Venting I guess how come people do not understand health anxiety or any type of anxiety. Mine is very high today because I have to go with hubby to urologist this morning I can't stand myself rigt now feeling the way I do an not letting him know. I just got into an argument with my daughter told her I was feeling nervous she said its not about you I told her I knew that is it me or what I don't know anymore just want to run sometimes. I haven't been on here for sometime because it seems useless nothing seems to help ugg I hate this sorry if I brought anyone down that's why I don't talk about it much sorry guys xx
Health Anxiety: Venting I guess how come... - Anxiety Support
Health Anxiety
Hi mimisings, sorry to hear you too are having a bad day. I think health anxiety is one of the worst kinds, and it's also hard to put a brave face on things and keep things to yourself when you really need to share. No one really understands my anxiety either because it is so irrational, even I don't understand why I am like this, but keep posting it's always good to hear other people's stories. X
hi, your not getting anyone down, thats what the site is for........let it out. my health anxiety really sends me over the edge some days well most days and even though the people closest to me know i have it they really dont know what it does to be. dont be sorry. x
Hello my health anxiety as got worse ova the last mth, i do get very nervous as well like u. Its hard wen ur nearest and dearest dont understand, no its not about u but wen ur suvrering with any kind of anxiety then its hard for u. Im really lucky as i have alot of people around me that have been or am going thou it. My OH hasnt been thou it but he trys to understand the best he can. Sending u hugs xxx
Hi
The more you talk and share how you feel people here can understand and you don't feel isolated coping by yourself. So sorry to hear your having a bad day and i know how nervous you must feel having to go to the hospital when your having anxiety and panic attacks.
I am sure your Daughter did not mean anything by her comment sometimes youngsters cannot relate to what we are feeling. My eldest daughter fully understands but the young one cannot get her head around what is happening.
Best wishes
Hugs Seyi xxx
Hi So sorry your having a bad day. I suppose its the thought of going to the hospital with your Husband that you feel terribly anxious and can fully understand that. I am sure your Daughter did not mean anything by her comments its hard for people who have never experienced panic and anxiety to fully understand.
I really hope you are feeling better. There is no better place than to come and talk here with people who can relate to your fears. And who care
Hope you are feeling better take care
Hugs Seyi xxx
My health Anxiety has got better since being about Crohns in 2007 but before that I was wrecked.

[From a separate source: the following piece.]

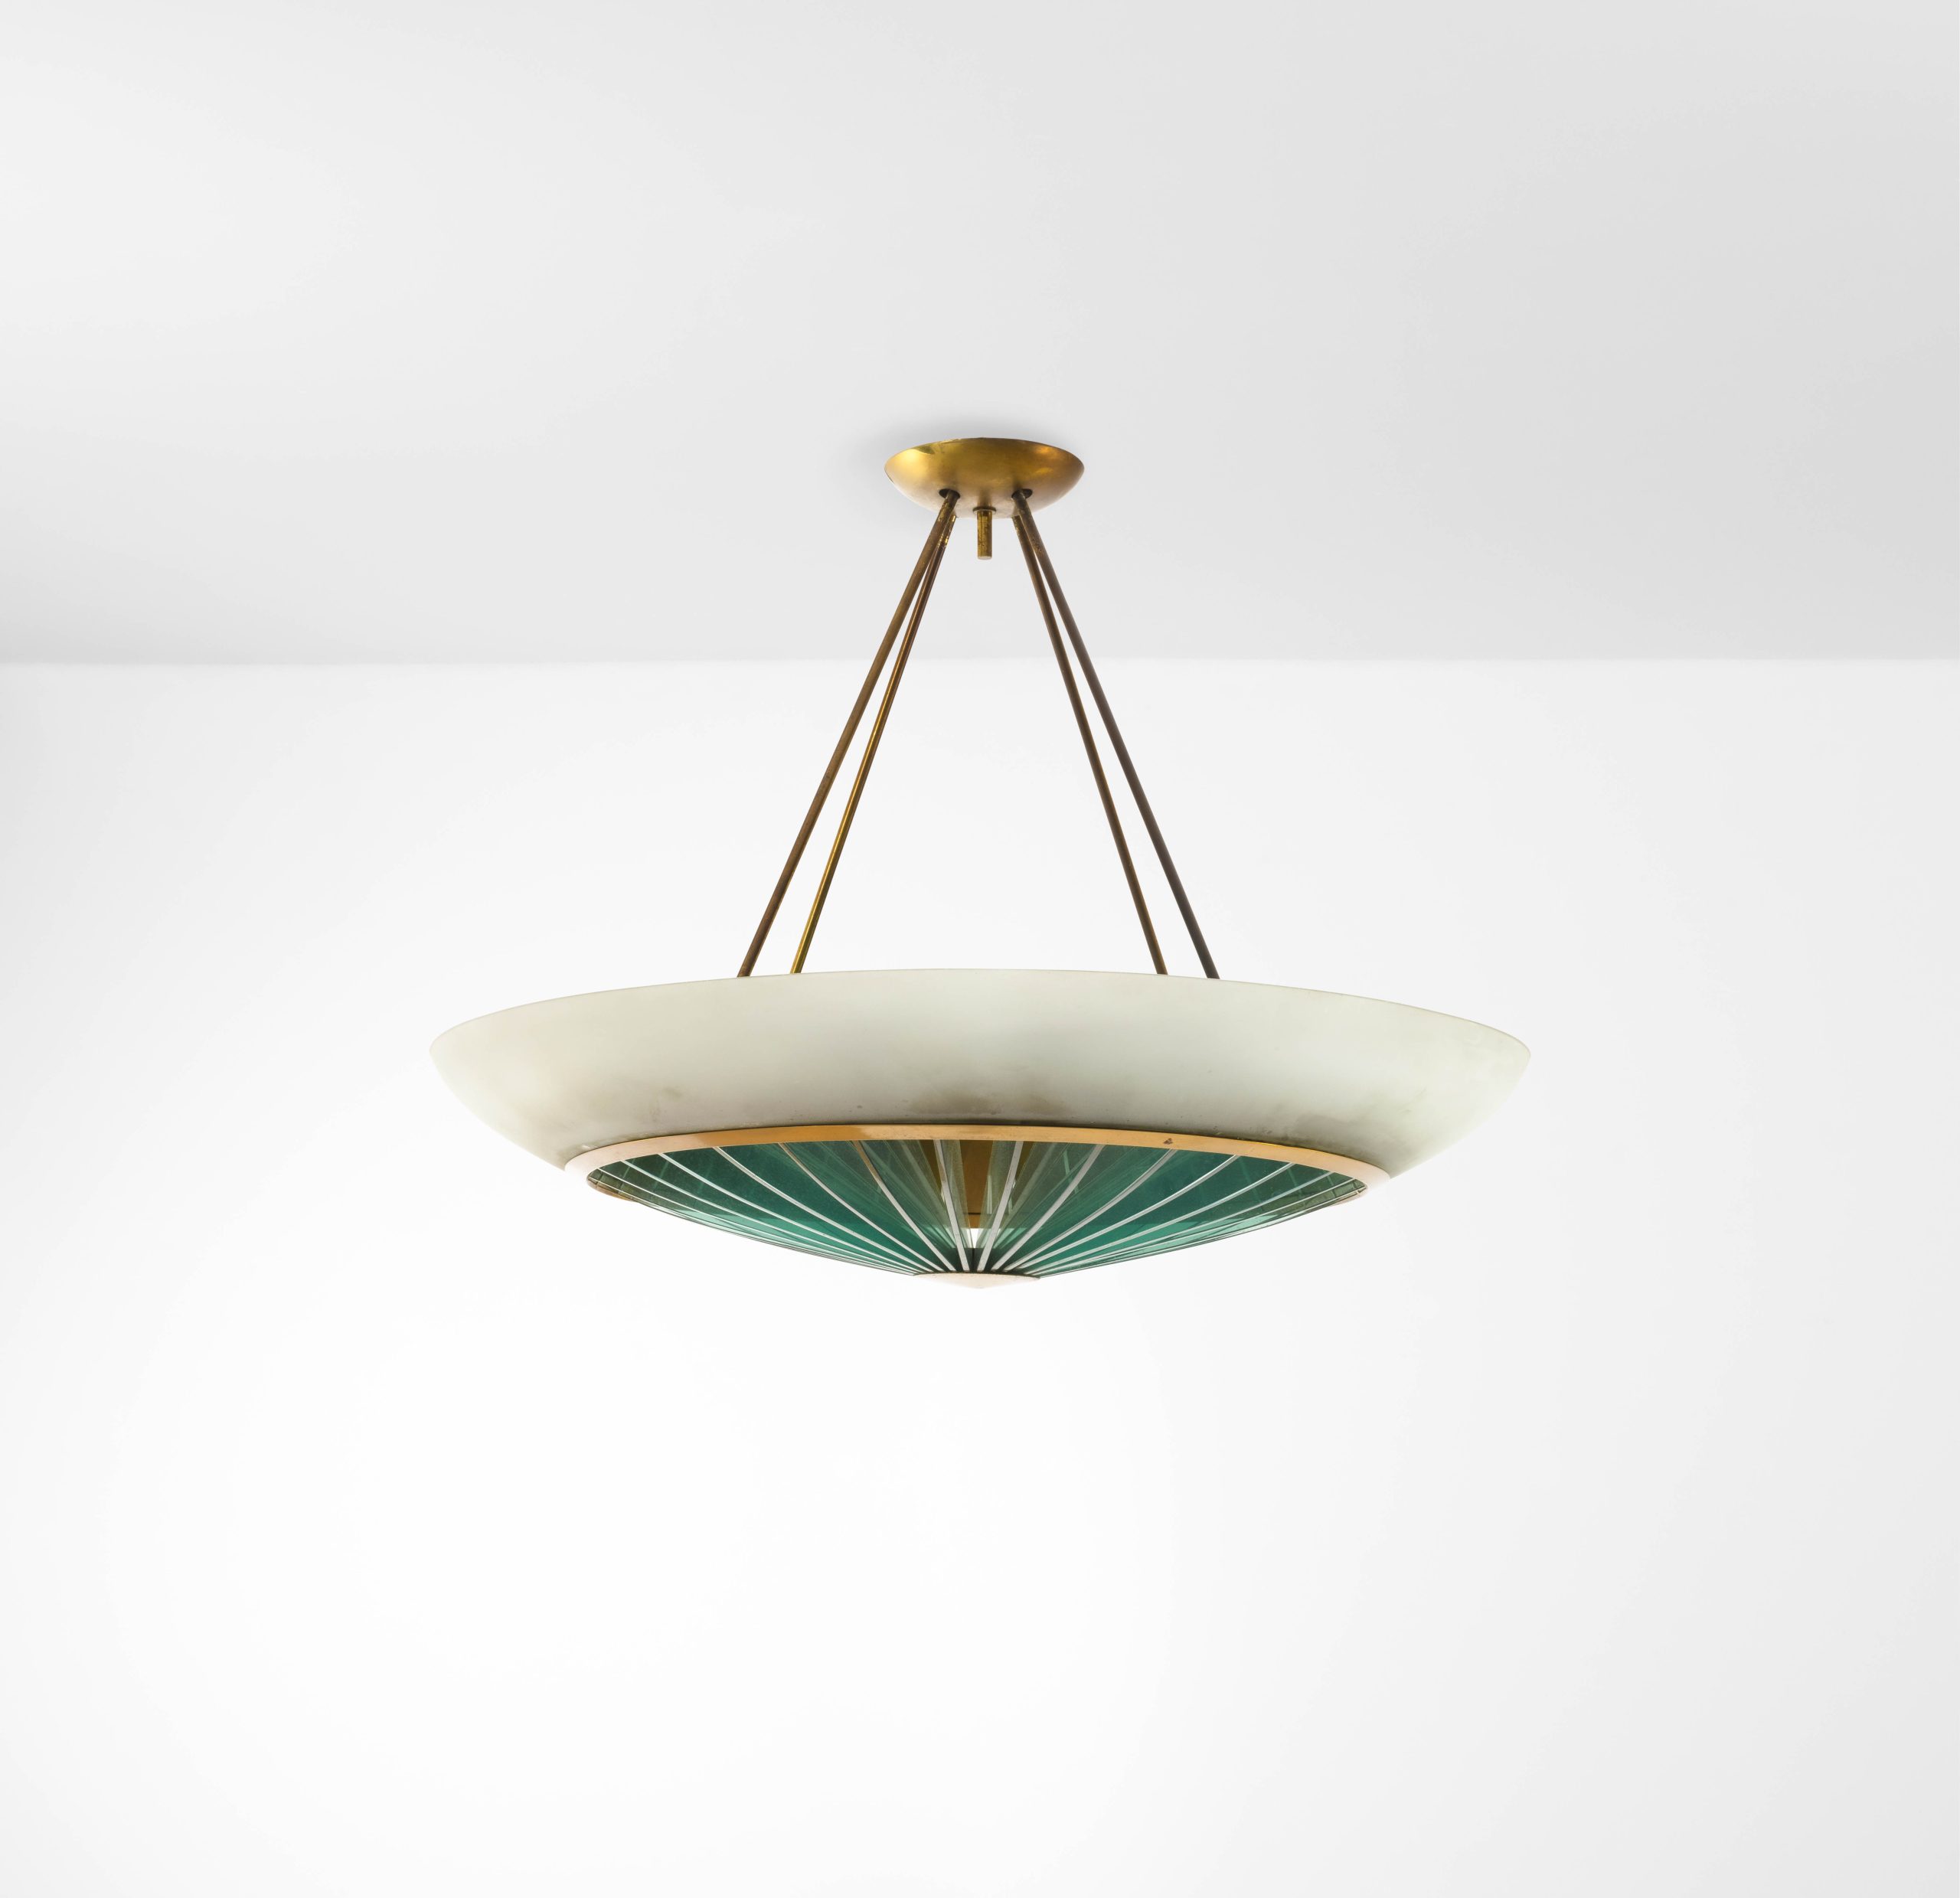 La lampada di Max Ingrand illumina Cambi: gli highlights dell’asta di Design a Milano
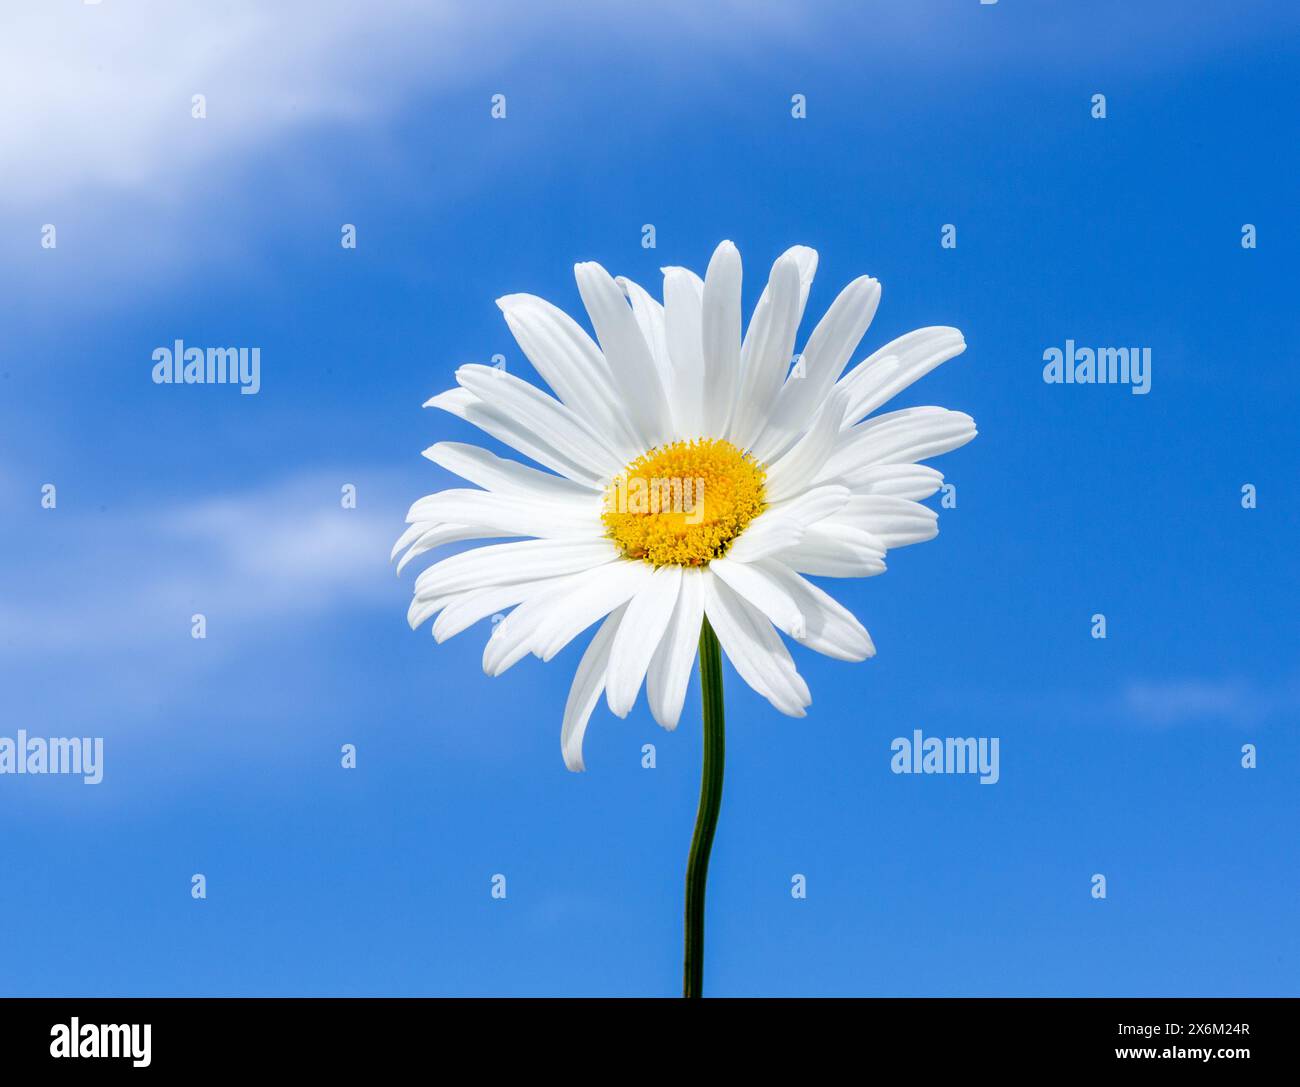 Fiori di camomilla soleggiati contro un cielo blu. Margherita bianca (Marguerite) Foto Stock

Hope things get easily for you soon.xx
Thank you everyone well went through it got settled on our way home. Has too come back in two weeks this too shall pass I hate being so weak when I use too be so strong bless you all for listening an helping me xxxxxx
Thank you everyone well went through it got settled on our way home. Has too come back in two weeks this too shall pass I hate being so weak when I use too be so strong bless you all for listening an helping me xxxxxx
Thank you everyone well went through it got settled on our way home. Has too come back in two weeks this too shall pass I hate being so weak when I use too be so strong bless you all for listening an helping me xxxxxx
I know just how you feel.
My health anxiety has been pretty good until yesterday and for some reason it was triggered and off I went Googling like mad and terrifying myself! I've been off Google for a while but like a moth to a flame I was at it again!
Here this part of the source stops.